== PROBLEM TO WORK ON ==
Since pictures are not part of the copy, please output only the lines from the one with "Phenomenal Octane Seating" through the end of the data below, exactly as written.

[THE DATA Boundary: Start]

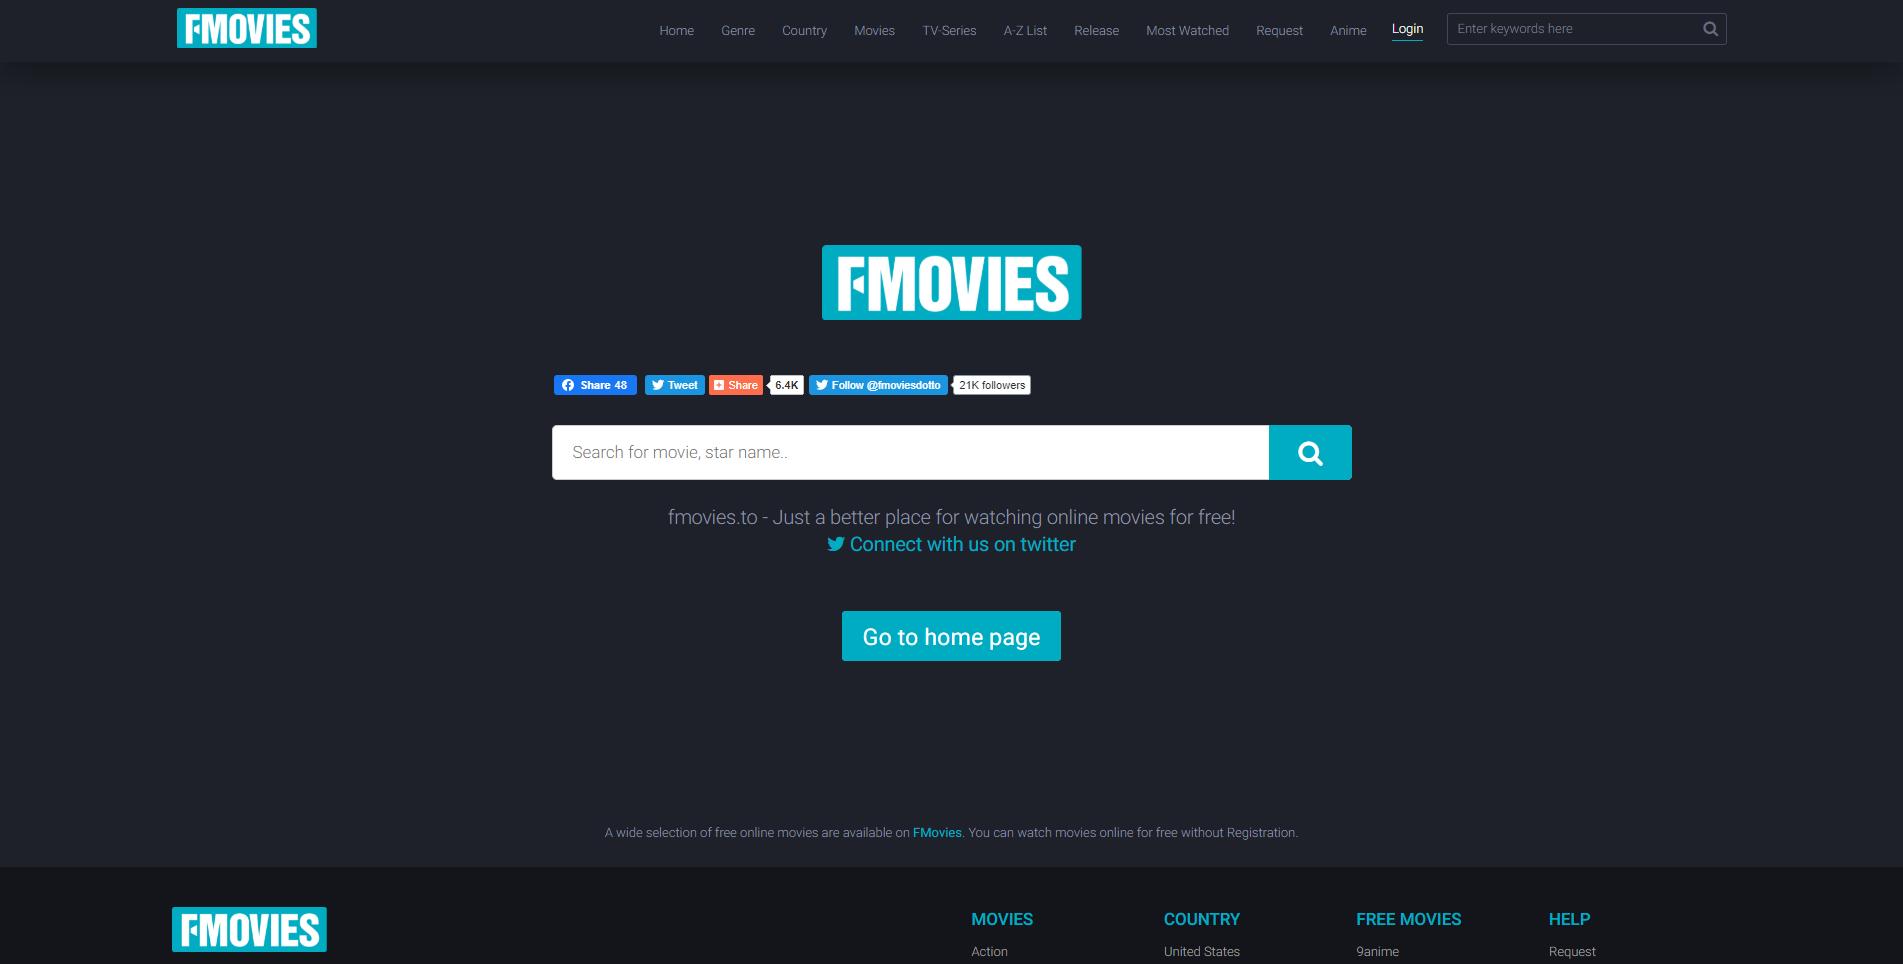 fmovies homepage
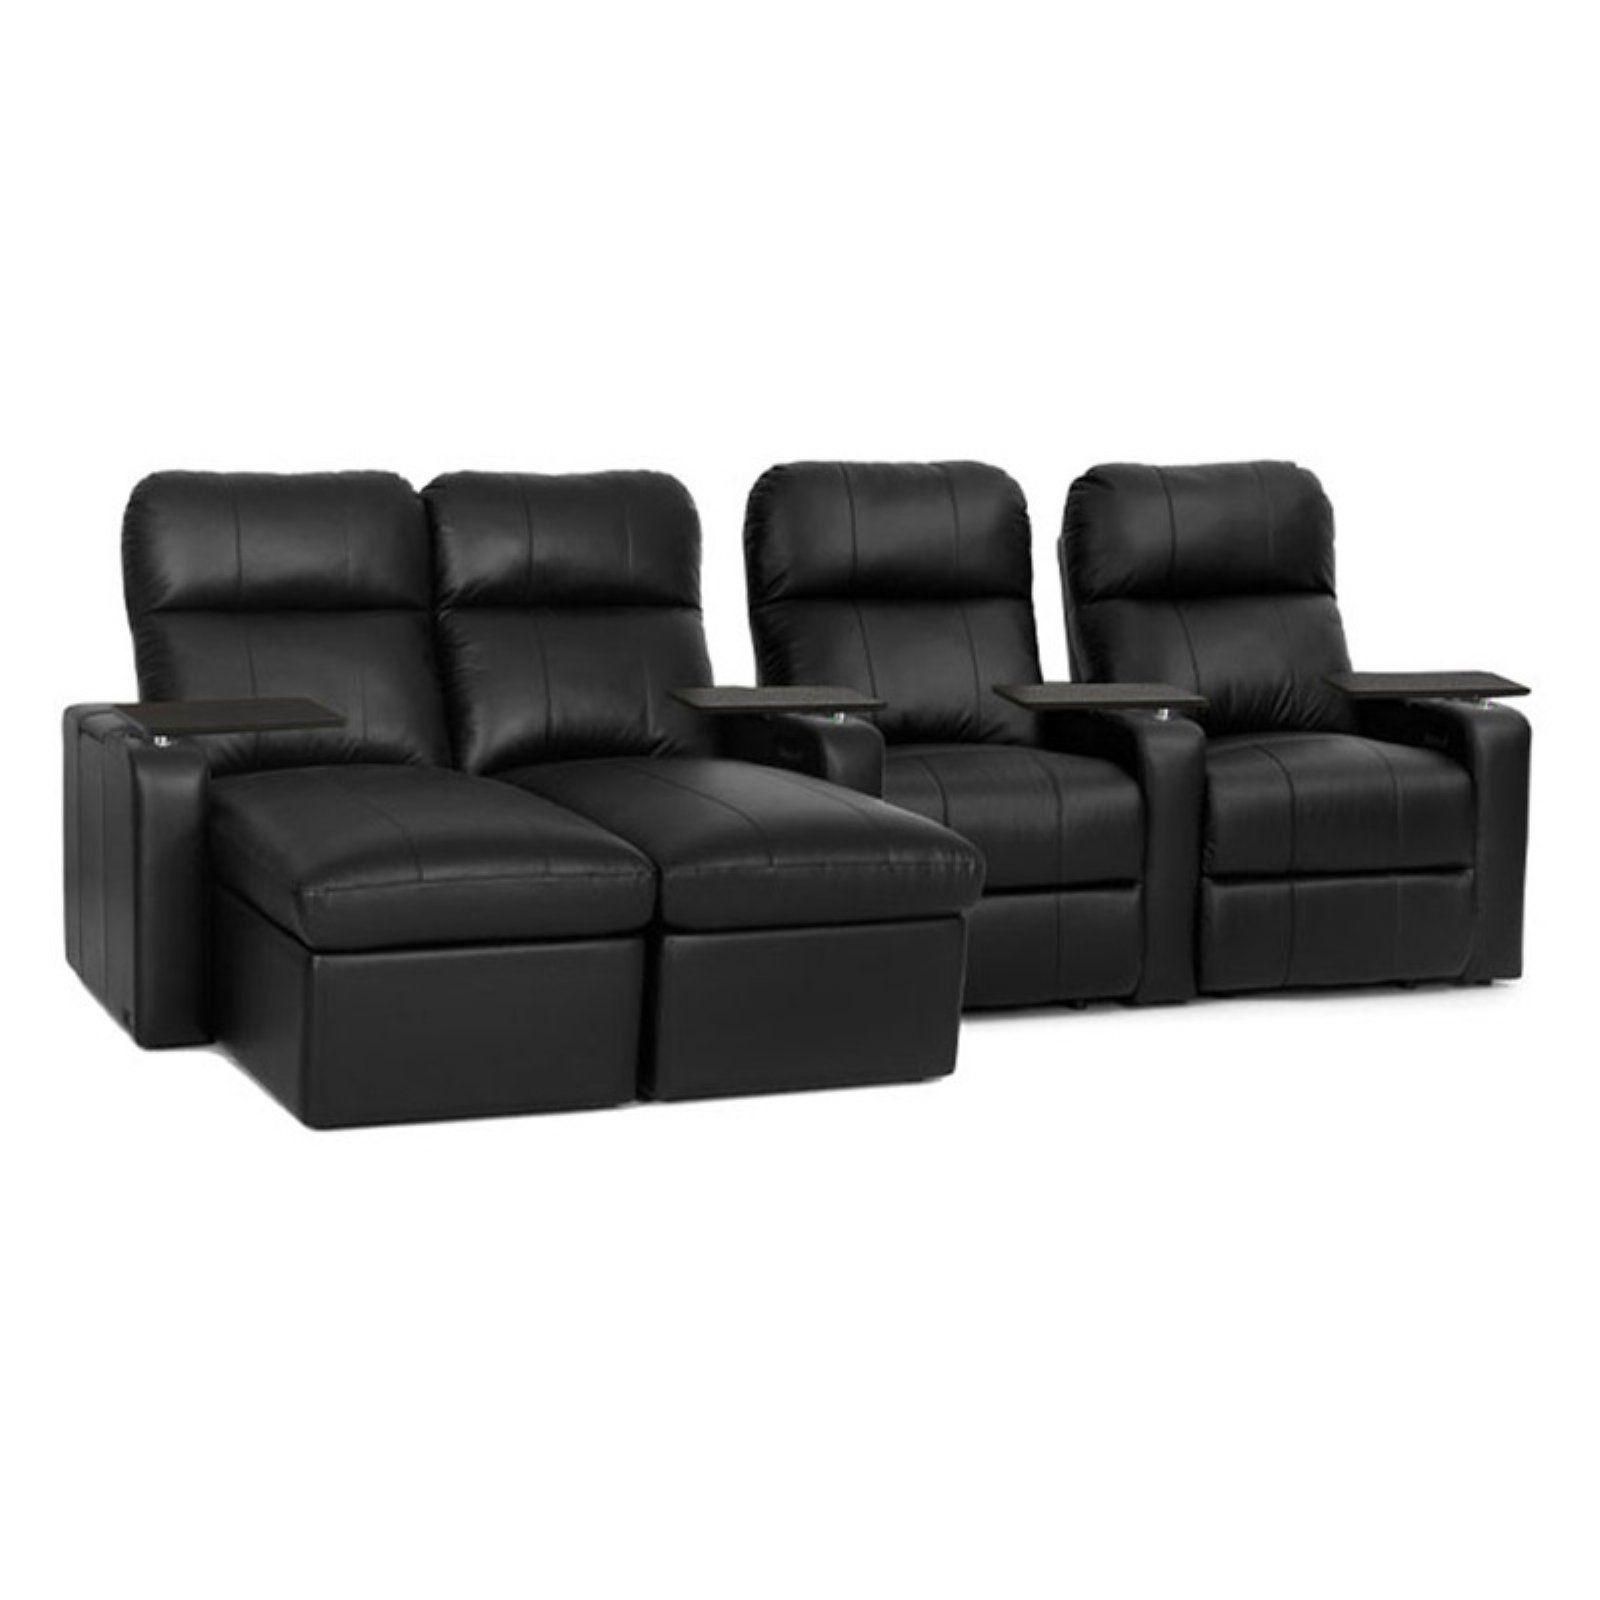 Phenomenal Octane Seating Turbo Xl700 Power Reclining Chaise Lounge Spiritservingveterans Wood Chair Design Ideas Spiritservingveteransorg
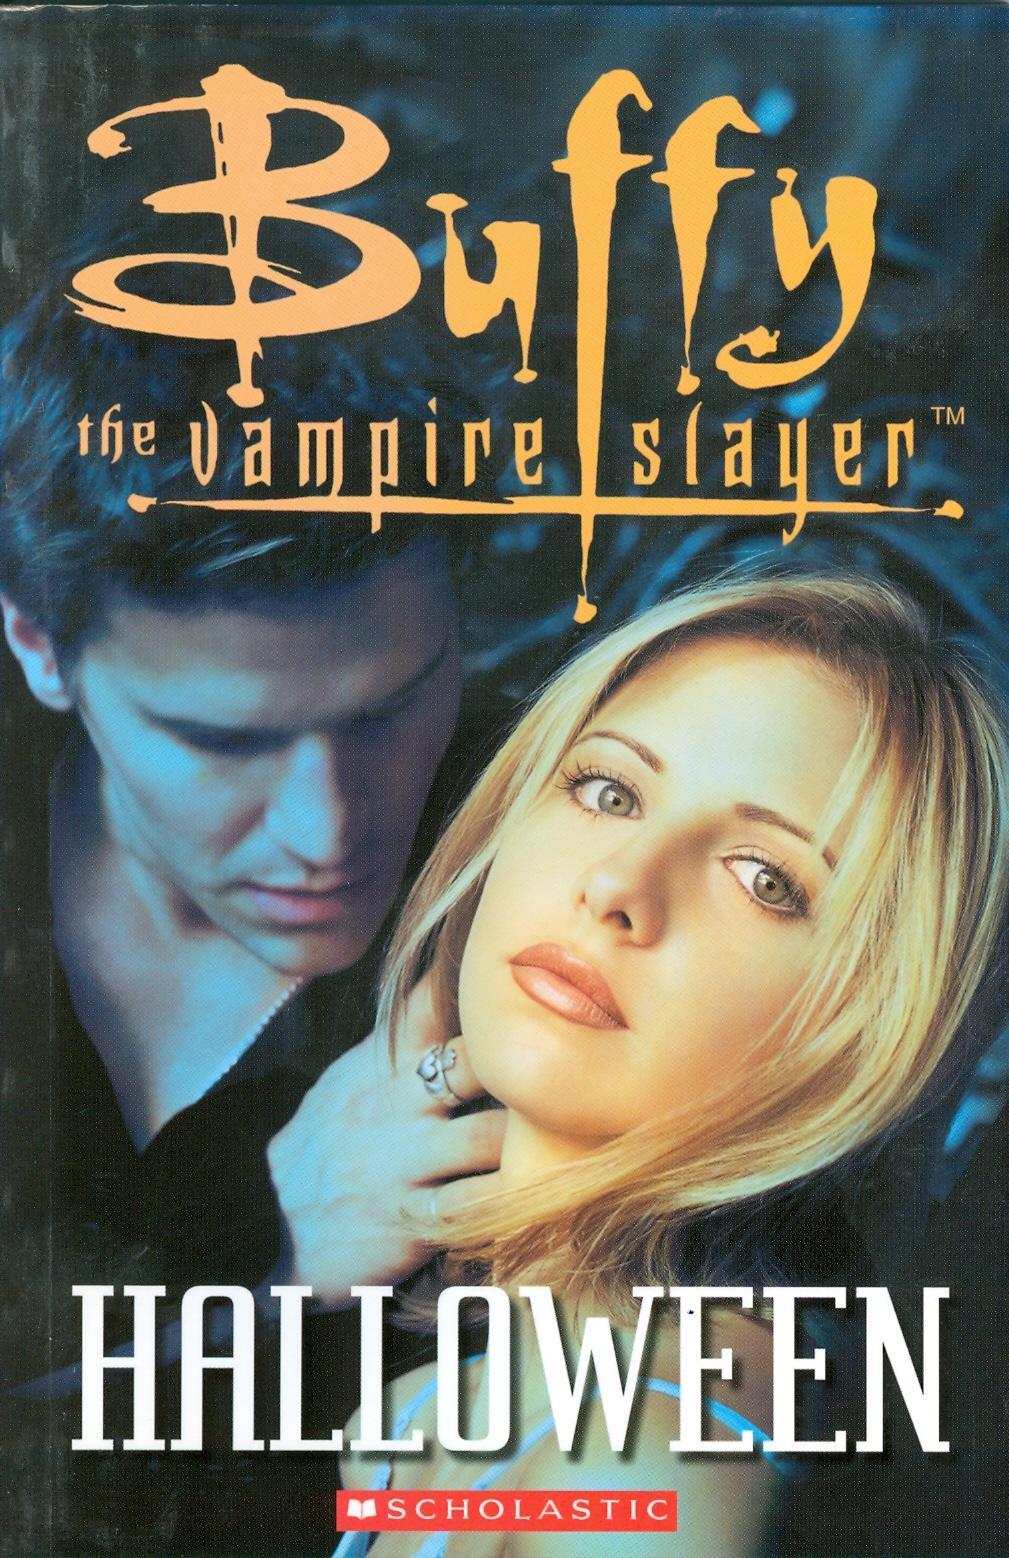 BUFFY THE VAMPIRE SLAYER: HALLOWE'EN / LEVEL 1
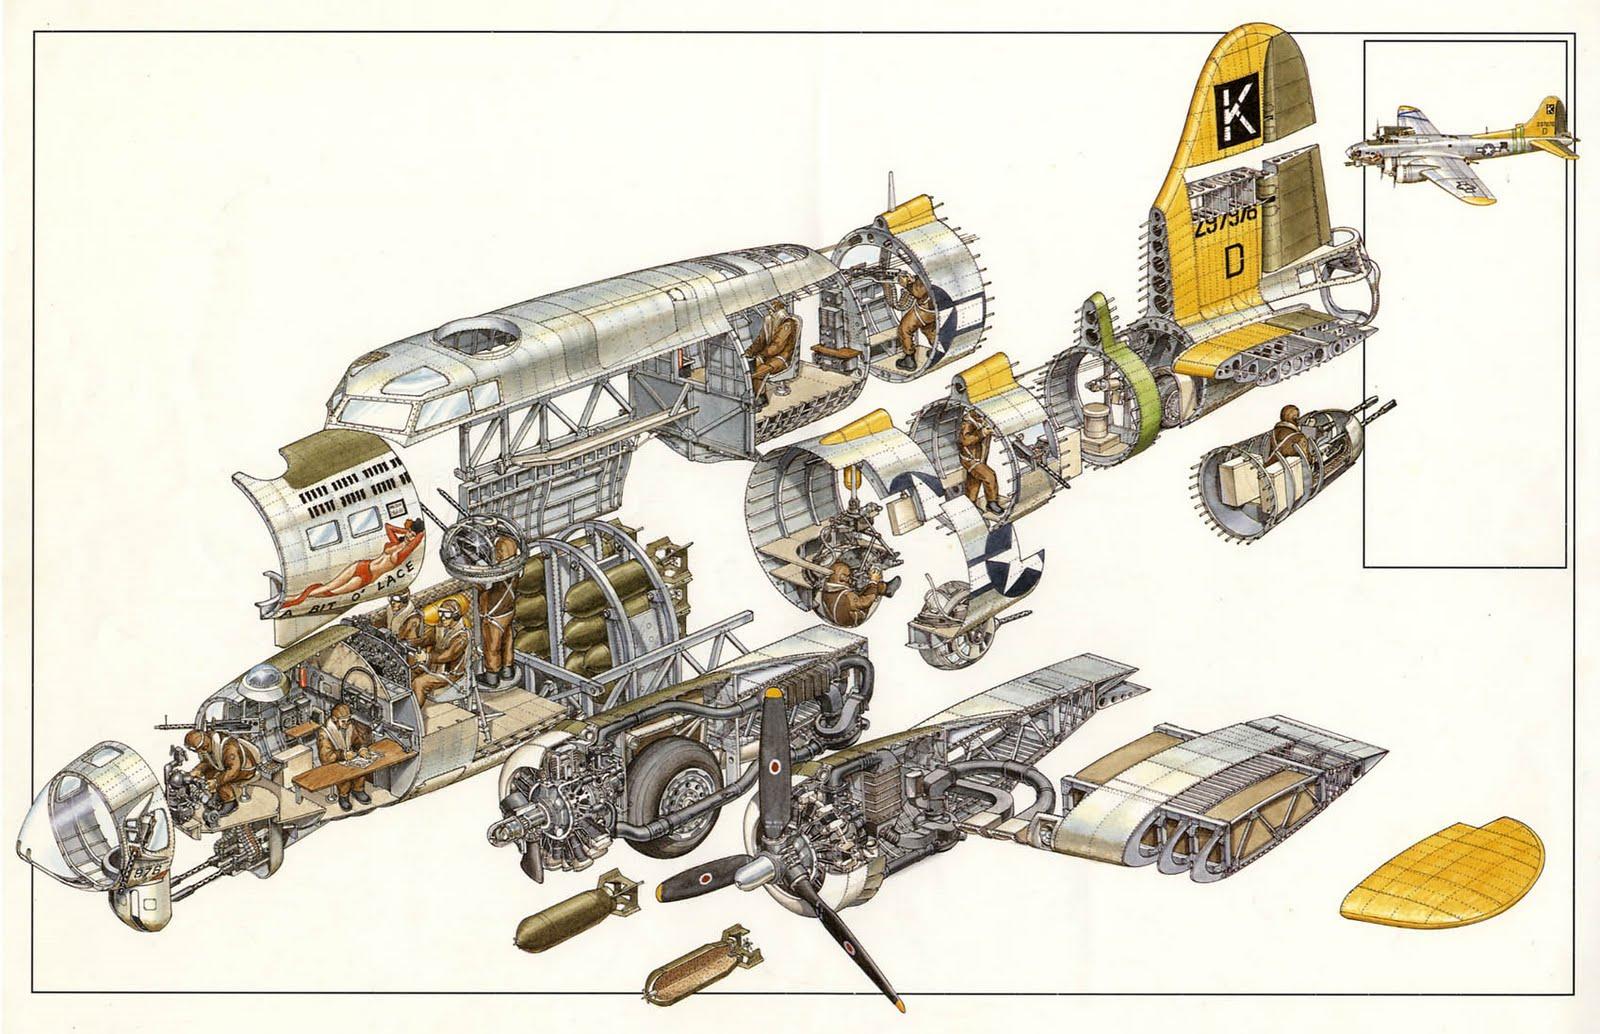 1945 liberator aircraft cutaway and planes rh pinterest com B -29 Bomber Engines B-17 Engine Detail

[THE DATA Boundary: End]

== OUTPUT OF THE EXERCISE ==
 Phenomenal Octane Seating Turbo Xl700 Power Reclining Chaise Lounge Spiritservingveterans Wood Chair Design Ideas Spiritservingveteransorg
 BUFFY THE VAMPIRE SLAYER: HALLOWE'EN / LEVEL 1
 1945 liberator aircraft cutaway and planes rh pinterest com B -29 Bomber Engines B-17 Engine Detail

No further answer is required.